Free Fundamentals of Index Tuning Week: Part 1, Indexing for the WHERE Clause

I’m teaching my Mastering Index Tuning pre-con at SQLBits and SQL Saturday Iceland, and part of the prerequisites is that you’re already familiar with my How to Think Like the Engine class and my Fundamentals of Index Tuning class.

I was going to email the class attendees a free copy of Fundamentals of Index Tuning so they could prep, but then I thought…hey, why not just give it out to the public for one week only? So this week, I’m going to put the class modules right here on the blog. But follow along, because on April 1, they’re going to disappear. Let’s get started!

Each day’s post will have:

  • A video of my lecture
  • The demo scripts I use in the lecture
  • A hands-on lab for you to do
  • A video of me doing the same lab (but don’t watch that lab until you do it first!)

To follow along with the demos, download a Stack Overflow database. I’ll be using the medium-sized 50GB StackOverflow2013 database, but if you’ve got a different one handy (either the smaller 10GB or larger 300+GB one), that’s fine too – the same concepts will still apply. If you’re on a slow desktop/laptop, feel free to use the small 10GB StackOverflow2010 database.
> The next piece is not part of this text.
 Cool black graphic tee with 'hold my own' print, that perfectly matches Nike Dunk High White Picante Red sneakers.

Attach it to any supported version of SQL Server, can be Standard, Enterprise, or Developer. (Sorry, SQL Server 2008 and Express Edition won’t cut it here.) If you want a free development or evaluation version of SQL Server, hit up SQLServerUpdates.com.

Let’s get started!

Lecture: Indexing for the WHERE Clause (33 min)
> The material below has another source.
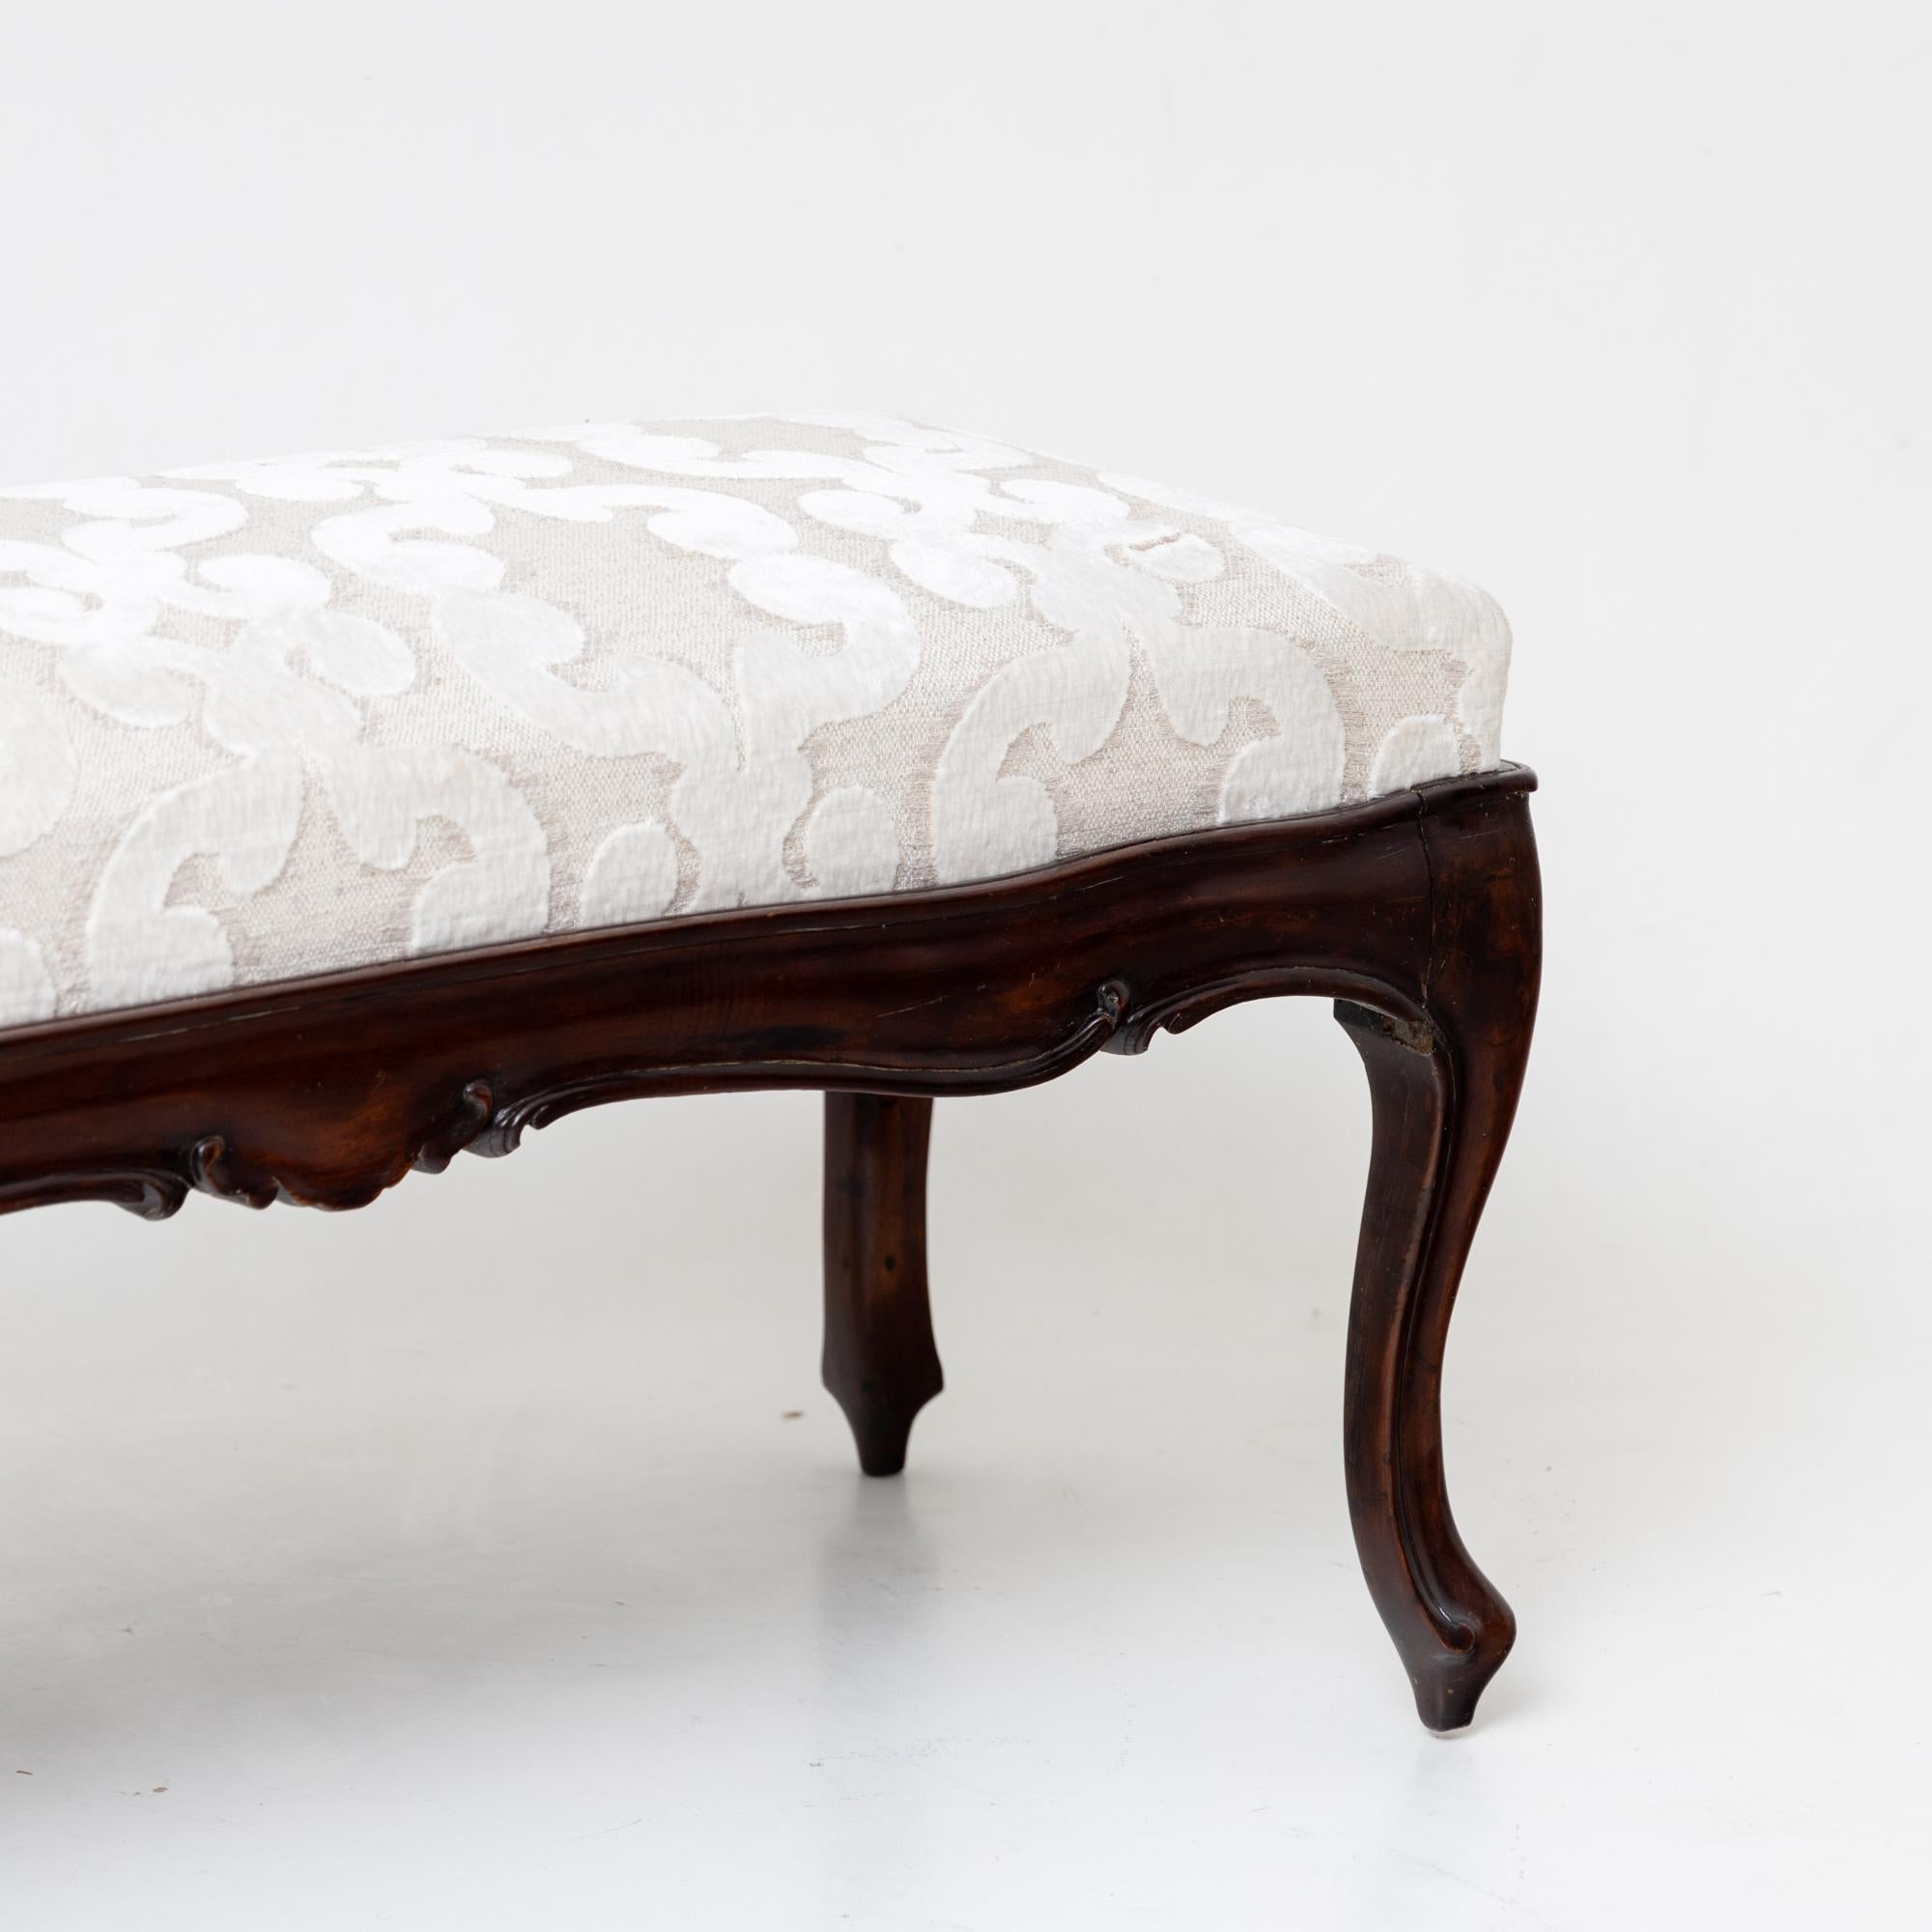 Small upholstered bench in baroque style with a multiple curved frame on elegant s-legs. This bench seats two people and has been reupholstered in a high quality cream and white fabric decorated with raised C-frame decoration. Frame height: 39 cm.

It sounds easy at first: just look at the list of fields in the WHERE clause, and put them in the index keys. But what order should you put them in?

There’s a common misconception that the most selective (or unique) fields should go first. For example, if you have a column with a million distinct values, and another column with only a hundred, then the million distinct values must be more selective. That’s true – but only if you’re doing an equality search.

We’ll look at equality searches, range searches, and combinations to come up with rules for key ordering.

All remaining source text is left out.